We, developers, have to come up with user names all the time. In this glorious, pioneer era of TDD, more than ever we have to not only enter them into text fields but write them in test files that are part of the code and thus are clearly visible and permanent.

So it is important to give good names, but what is a good name like? I am not thinking about the semantics of the name (whether it has accented letters, or if it has two or three parts, etc.) but look at them from a very personal point of view: whether it makes you, the programmer, satisfied with your choice of names or bored with repeating the same old names you used in other projects and even in those projects, you had copied them from somewhere.

So when writing your first test where a user is needed, stop for a moment and imagine a world which you like and which is amusing in the context of your application’s domain (like philosophers playing soccer, Luddites attending a technology conference, etc.). Pick some names and let the feeling that you have created something instead of just using old, boring names fill you with contentment. Whenever you need an other name, take one from your world. If you need further data (e.g date of birth) about your test users you can even do a little bit of research.
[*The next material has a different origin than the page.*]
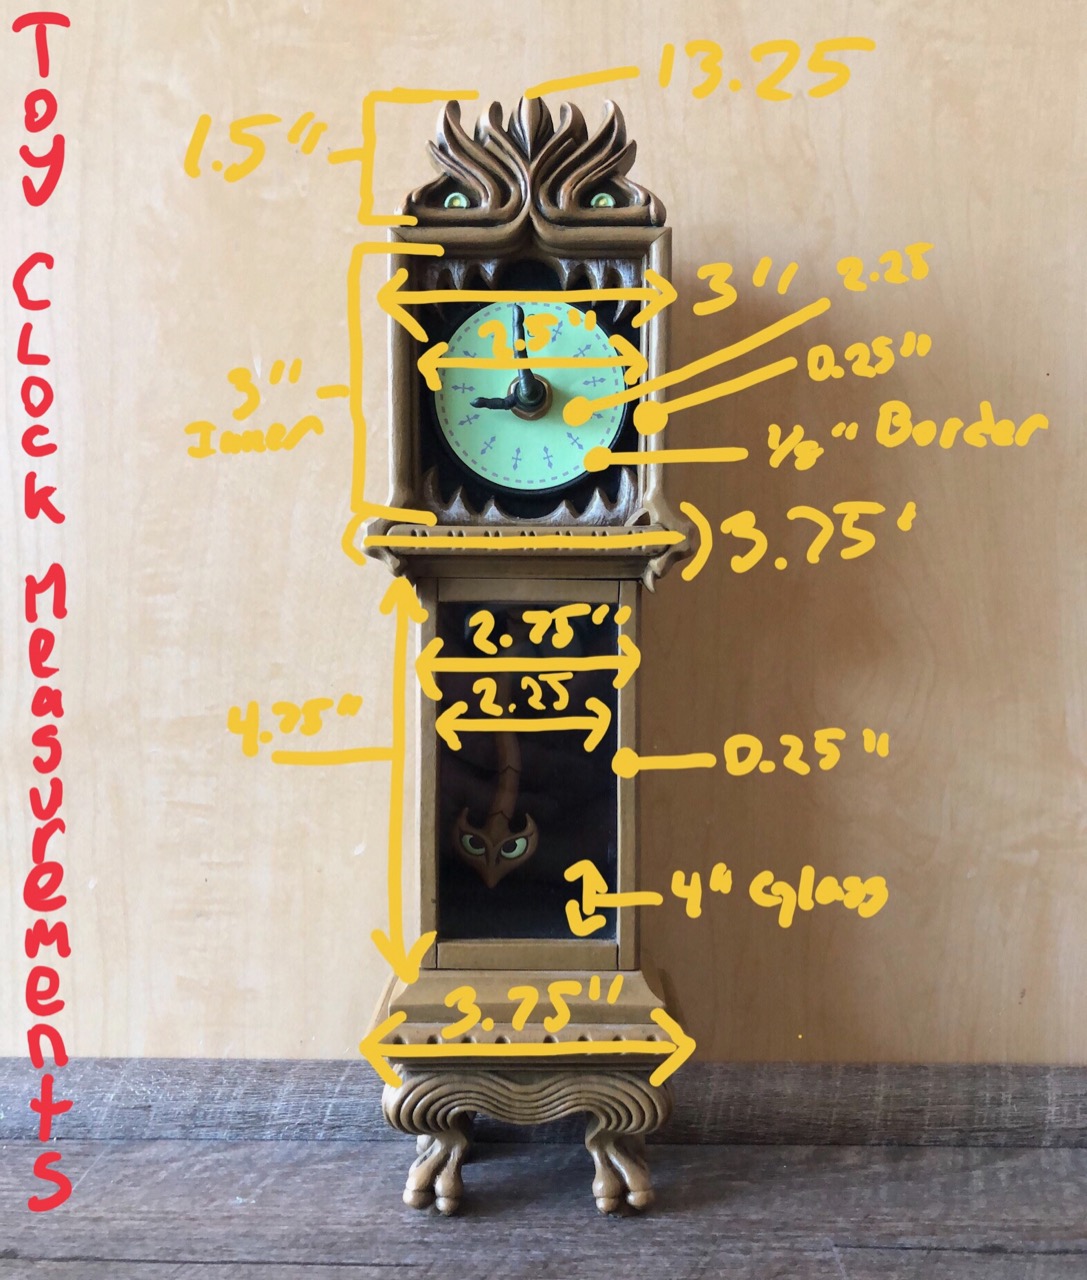 measurements_toyclock.jpg

Though investing energy in this may reduce the time you spend writing code, compared to all the hours you put into a project, it is negligible. Nurturing this “subculture” in your tests can be very entertaining so you have a good time developing and are less prone to boredom. I think it pays off. We, Ruby programmers all know how important it is to be happy while programming and the effect it has on our productivity.

And besides, do you know of anyone who is called John Doe?